§ Exercise:
In the data below, begin at the line with "Hal Leonard Elton" and stop after the line with "testimonianza fantasioso persuasivo"; output those lines exactly and no pictures.

§ Task input:
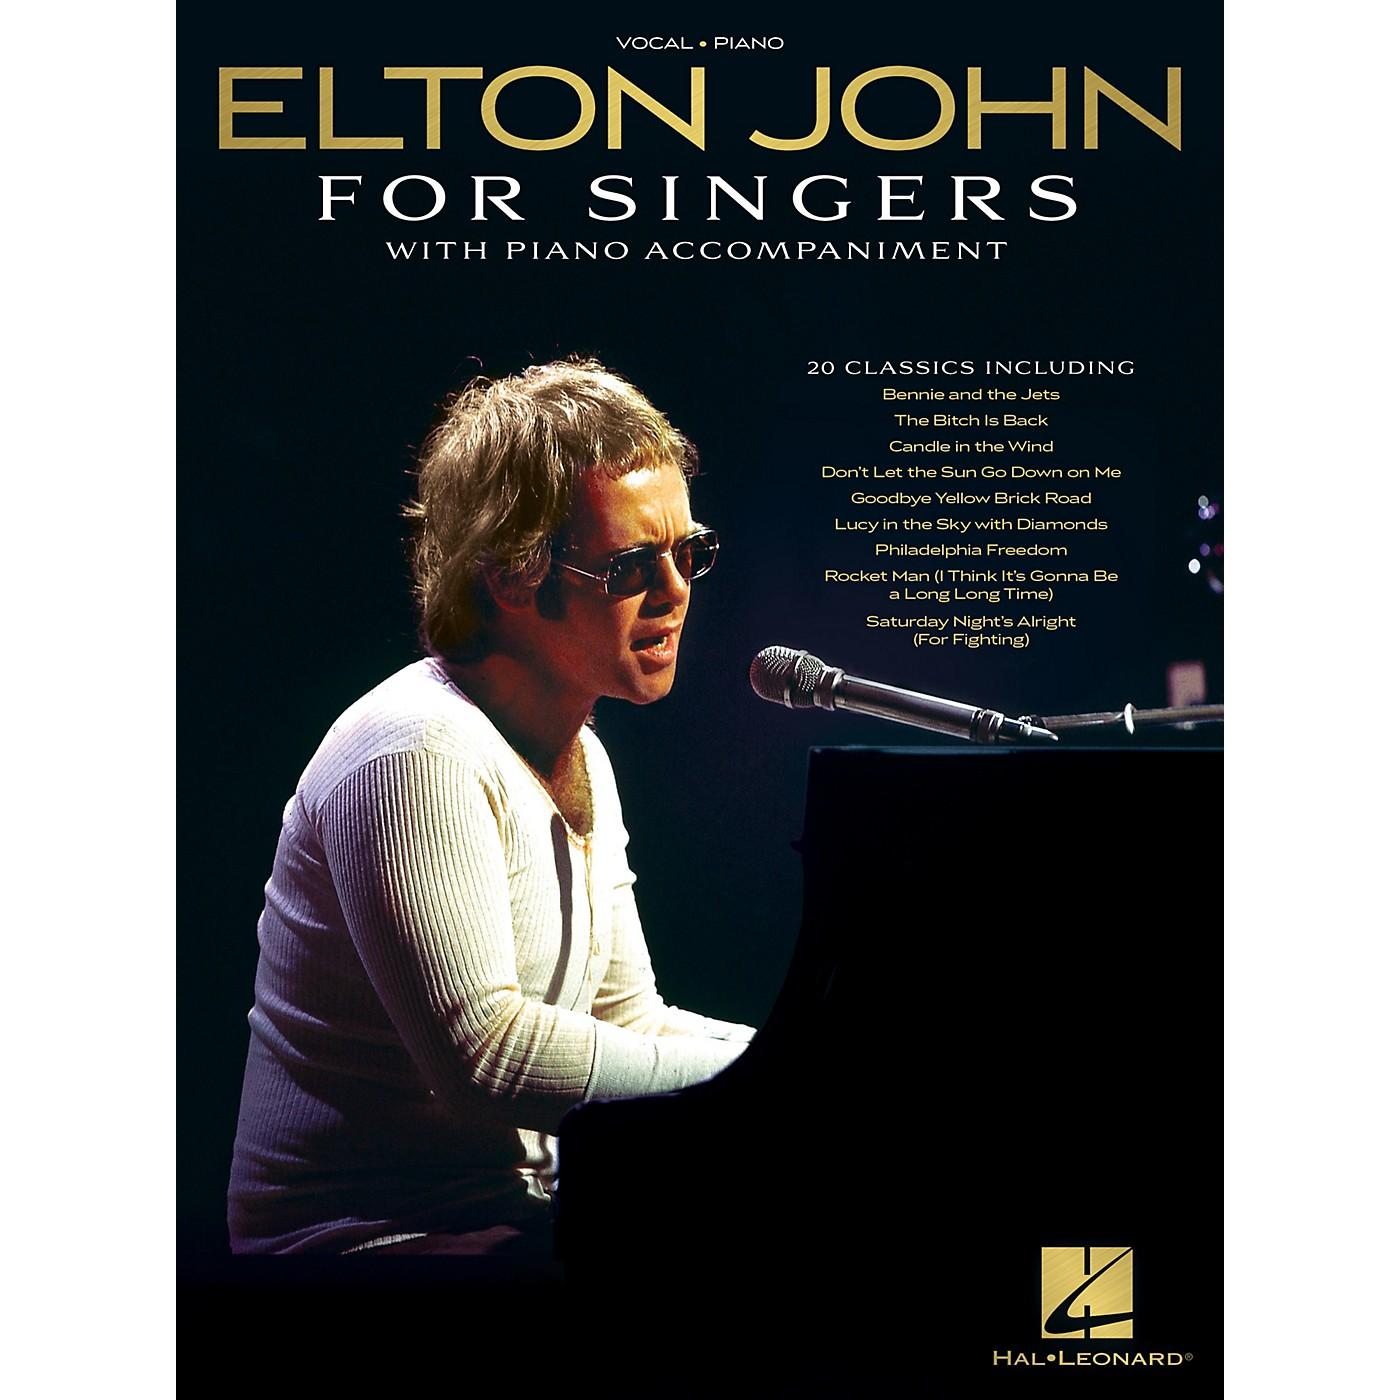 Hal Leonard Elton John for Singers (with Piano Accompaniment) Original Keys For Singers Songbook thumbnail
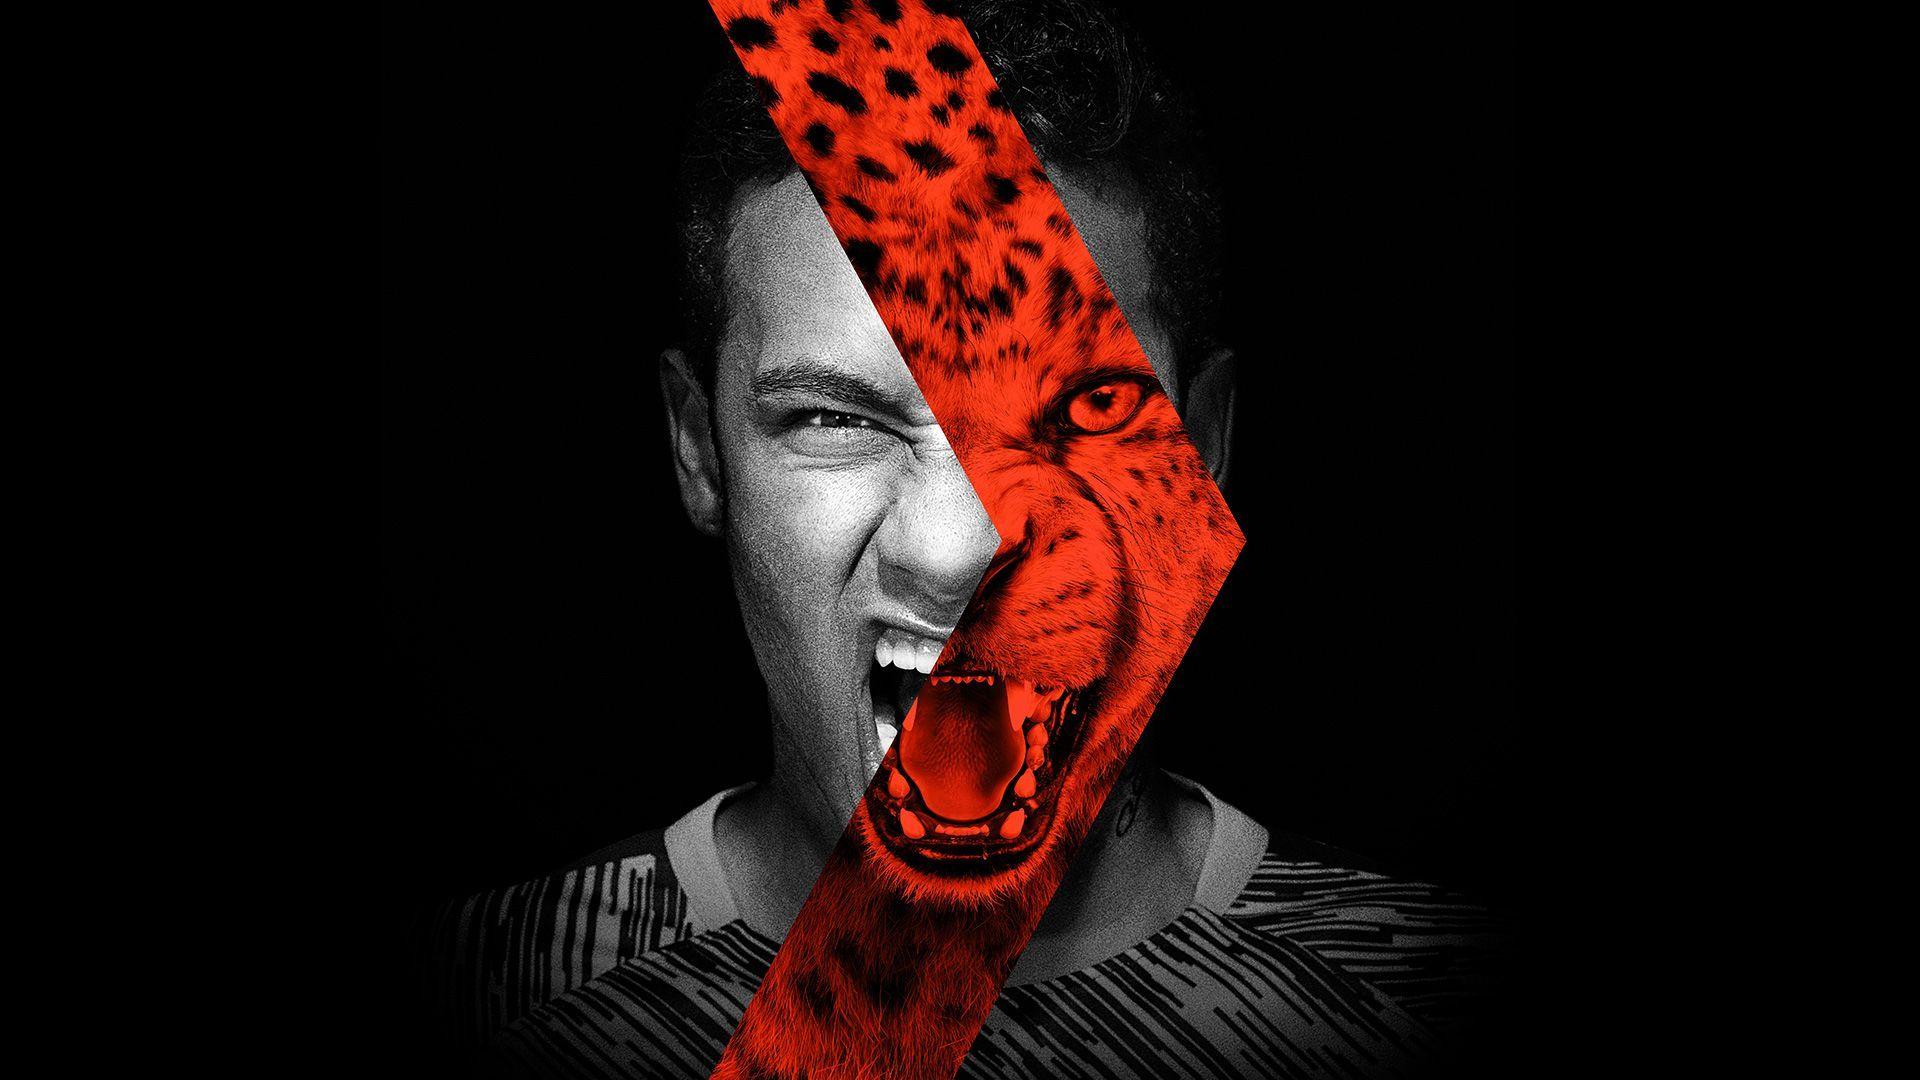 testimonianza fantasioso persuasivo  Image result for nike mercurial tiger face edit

==

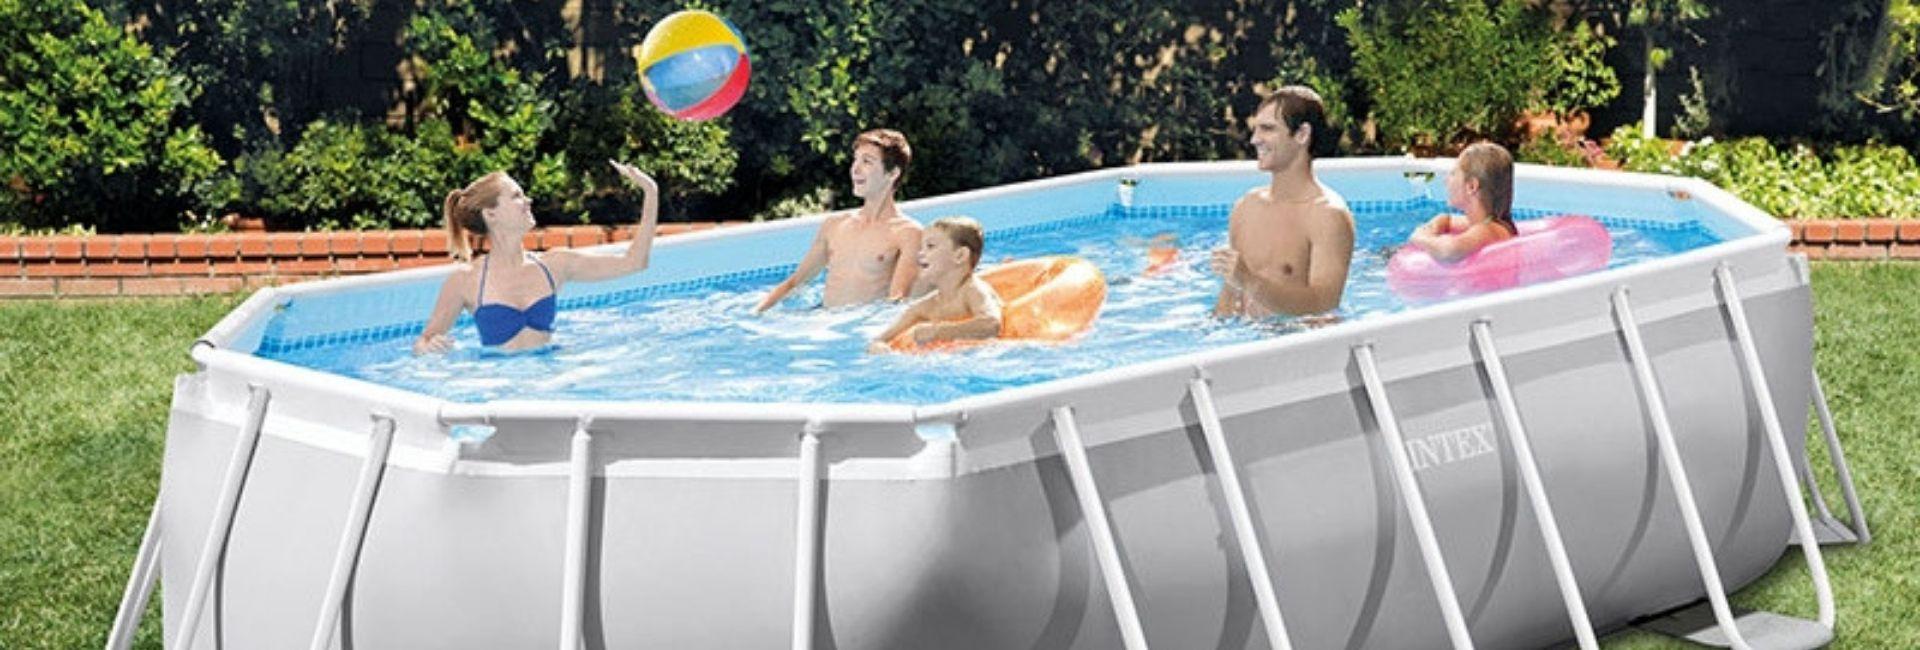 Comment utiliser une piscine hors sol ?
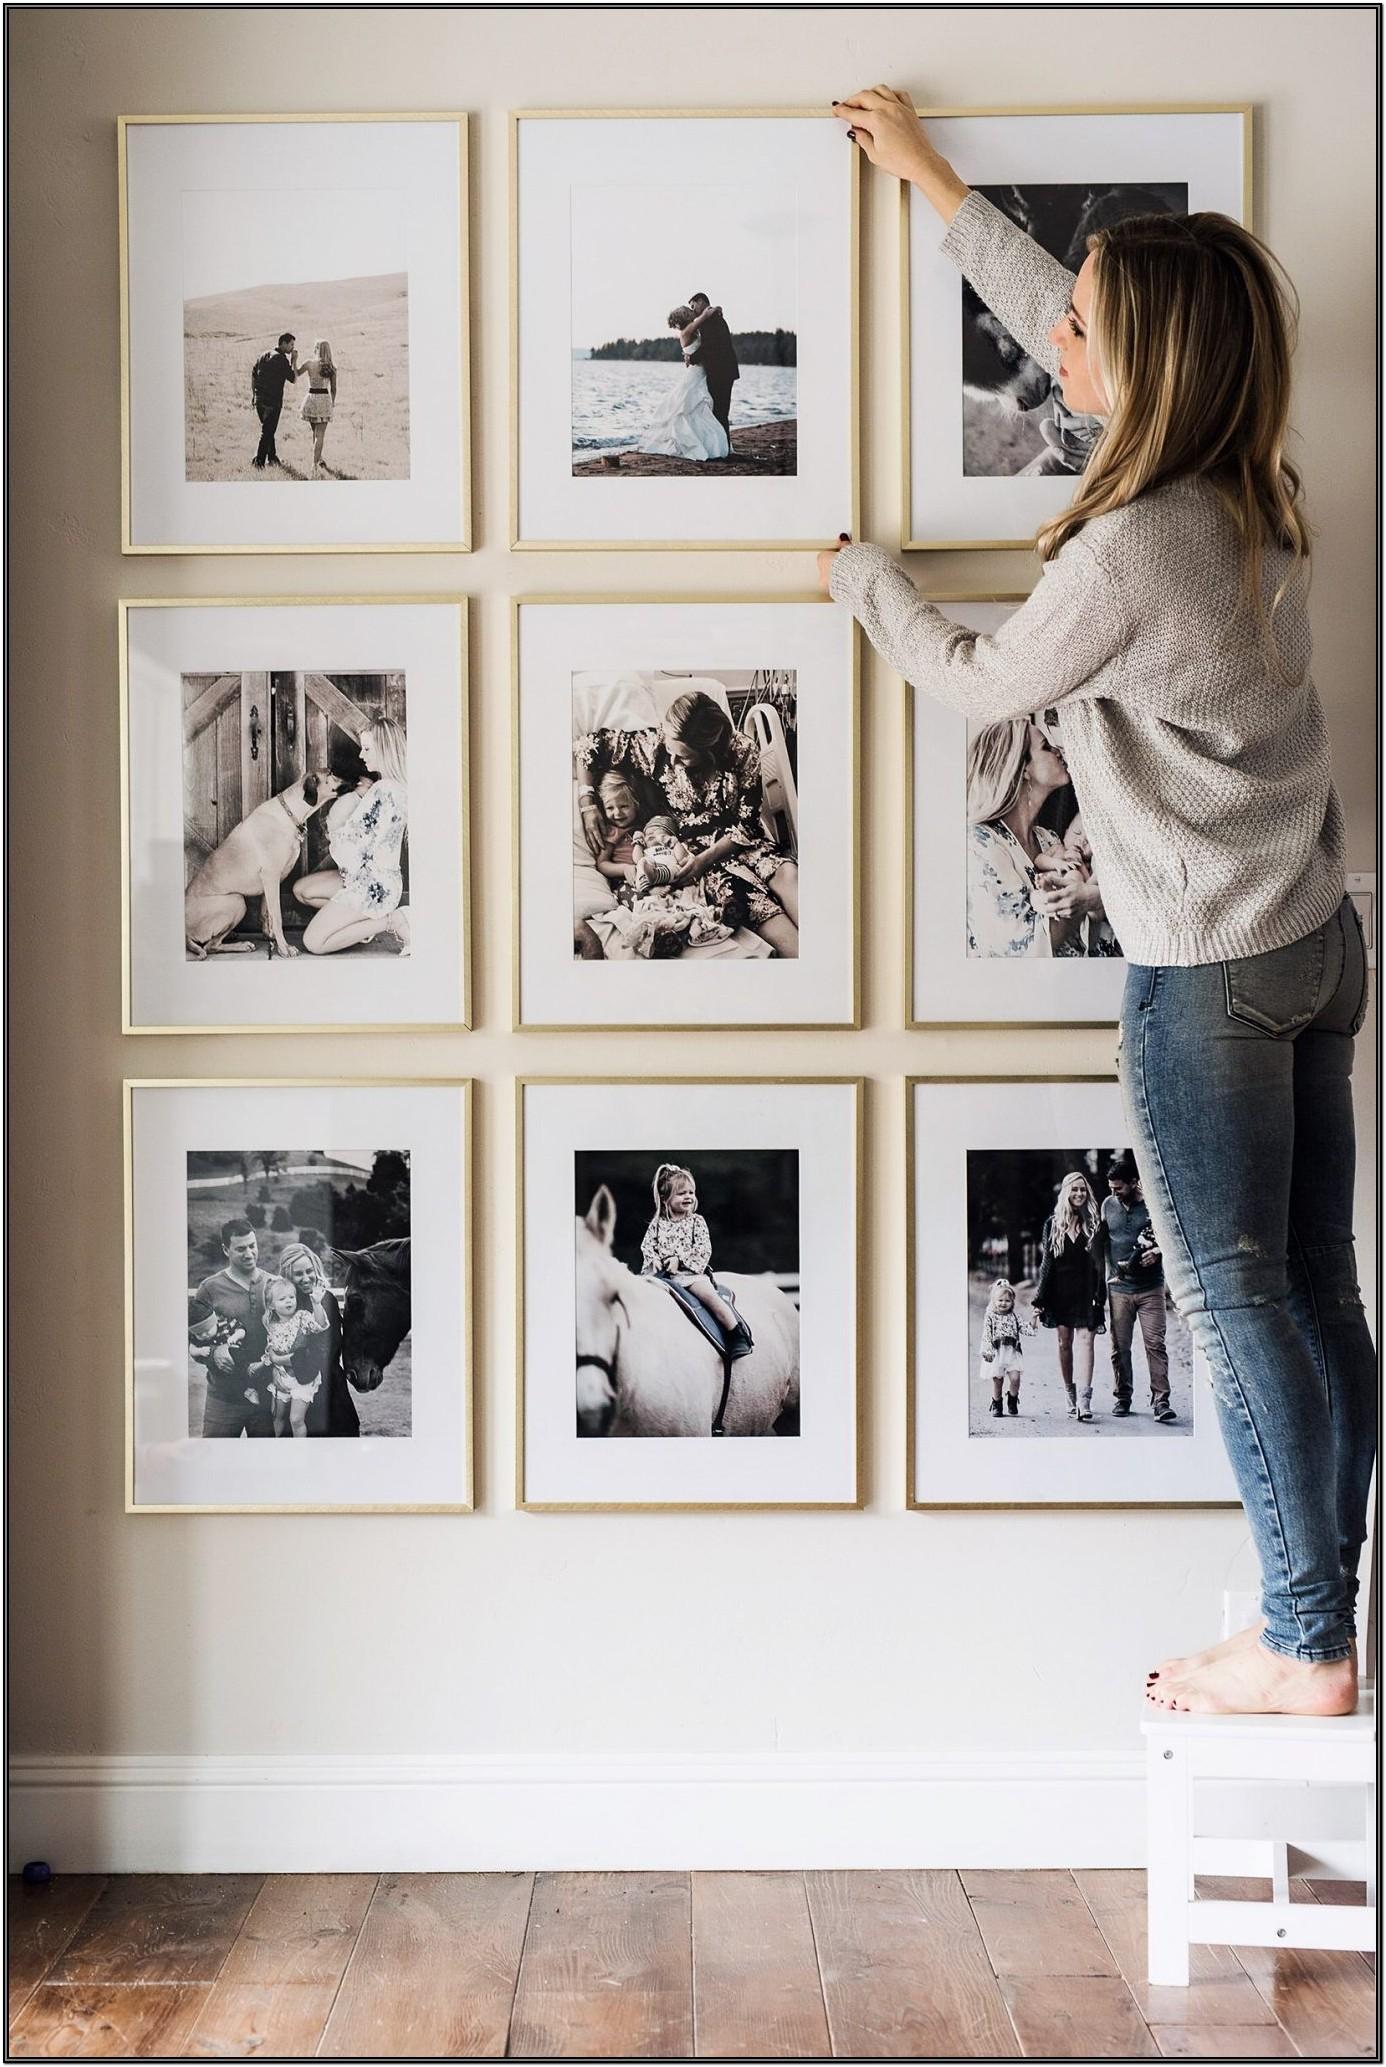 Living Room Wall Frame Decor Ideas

---

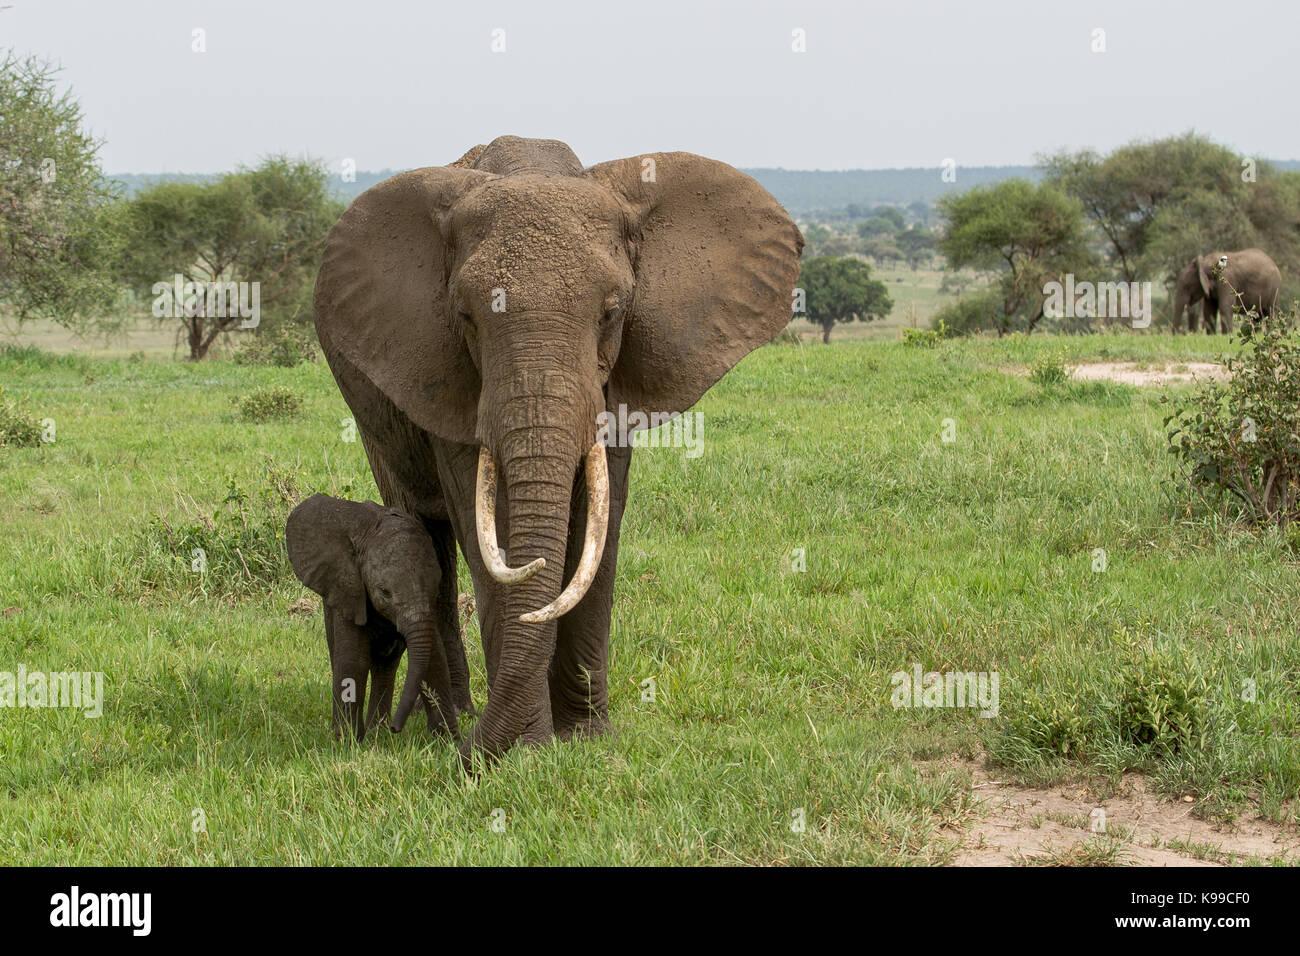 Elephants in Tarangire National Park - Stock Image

§ Exercise output:
 Hal Leonard Elton John for Singers (with Piano Accompaniment) Original Keys For Singers Songbook thumbnail
 testimonianza fantasioso persuasivo  Image result for nike mercurial tiger face edit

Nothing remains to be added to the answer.